Angesichts der steigenden Zahl der Beratungsfälle, der Erfahrungen in den Frauenhäusern und der zunehmenden Probleme der Jugendwohlfahrt zeige sich die Notwendigkeit, das Familienrecht im 21. Jahrhundert neu zu bewerten, stellte Frauenministerin Gabriele Heinisch-Hosek am Beginn ihrer Ausführungen fest. Seit der großen Familienrechtsreform der 70er Jahre habe sich die Lebenssituation sowohl der Erwachsenen als auch der Kinder geändert, und nun habe die Politik die Verantwortung, darauf zu antworten. Auch sie bekräftigte, die ganze Debatte sei unter dem Aspekt des Kindeswohls zu führen und die Bedürfnisse der Erwachsenen müssten dem untergeordnet werden.

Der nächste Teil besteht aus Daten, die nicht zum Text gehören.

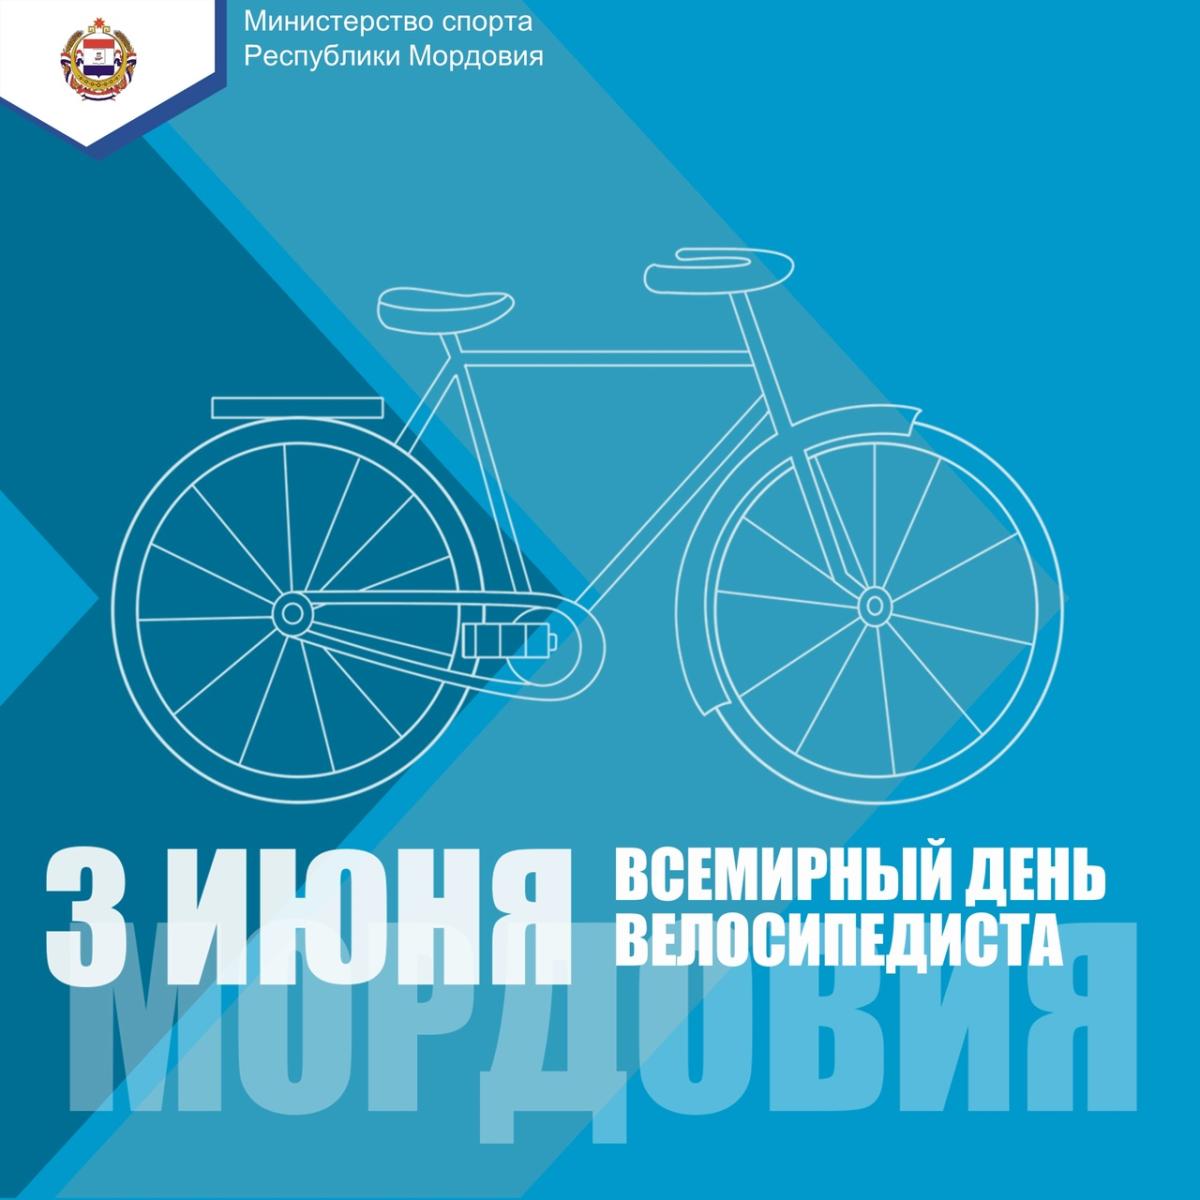 Всемирный день велосипедиста отметят в Мордовии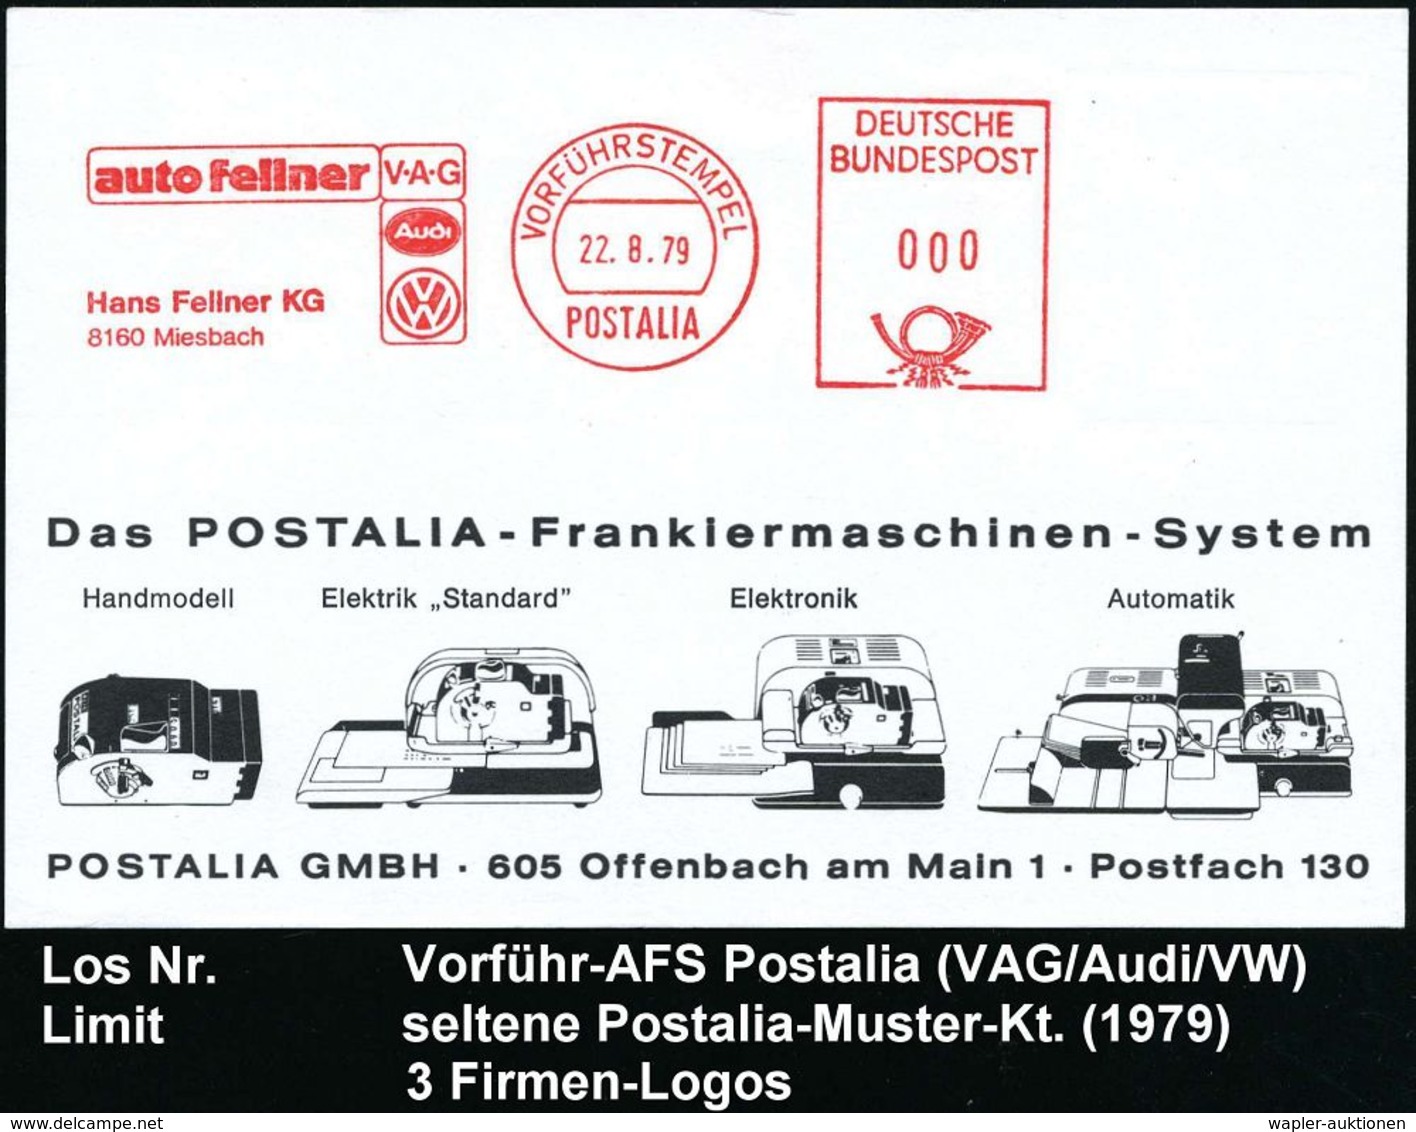 VOLKSWAGEN / VW / K.-D.-F.-WAGEN / PORSCHE : 8160 Miesbach 1979 (22.8.) AFS: VORFÜRHSTEMPEL/POSTALIA/auto Fellner/V-A-G/ - Automobili

Im Gegensatz zu ihrer Regierungskollegin zeigte sich die Frauenministerin jedoch skeptisch hinsichtlich der positiven Wirkung einer automatischen gemeinsamen Obsorge nach der Scheidung. 90 % aller Scheidungen würden einvernehmlich vorgenommen, argumentierte Heinisch-Hosek, bei der Hälfte davon werde eine gemeinsame Obsorge vereinbart. Diese Zahlen belegten, dass die derzeitige Rechtslage funktioniere, weshalb sie keine Notwendigkeit für eine diesbezügliche Änderung sah. Wenn keine gemeinsame Obsorge beantragt wird, wird es dafür gute Gründe geben, meinte sie.

Sie bezweifle jedenfalls, dass die gemeinsame Obsorge die Lösung der Probleme bringen kann. Ihrer Meinung nach handelt es sich dabei eher um eine Zwangsbeglückung und um einen Harmonisierungsversuch per Gesetz. Nachdem sich die Aufteilung bei den Betreuungspflichten zwischen Frauen und Männern in der Erziehung während der letzten 15 Jahre kaum geändert habe, beide Elternteile aber große Herausforderungen im jeweiligen Beruf zu bewältigen haben, herrsche in der familiären Lebensrealität noch immer ein großes Ungleichgewicht. Es sei daher unverständlich, bemerkte Heinisch-Hosek, warum dieses Verhältnis nach der Scheidung durch eine Art Zwangsharmonisierung ausgeglichen werden sollte.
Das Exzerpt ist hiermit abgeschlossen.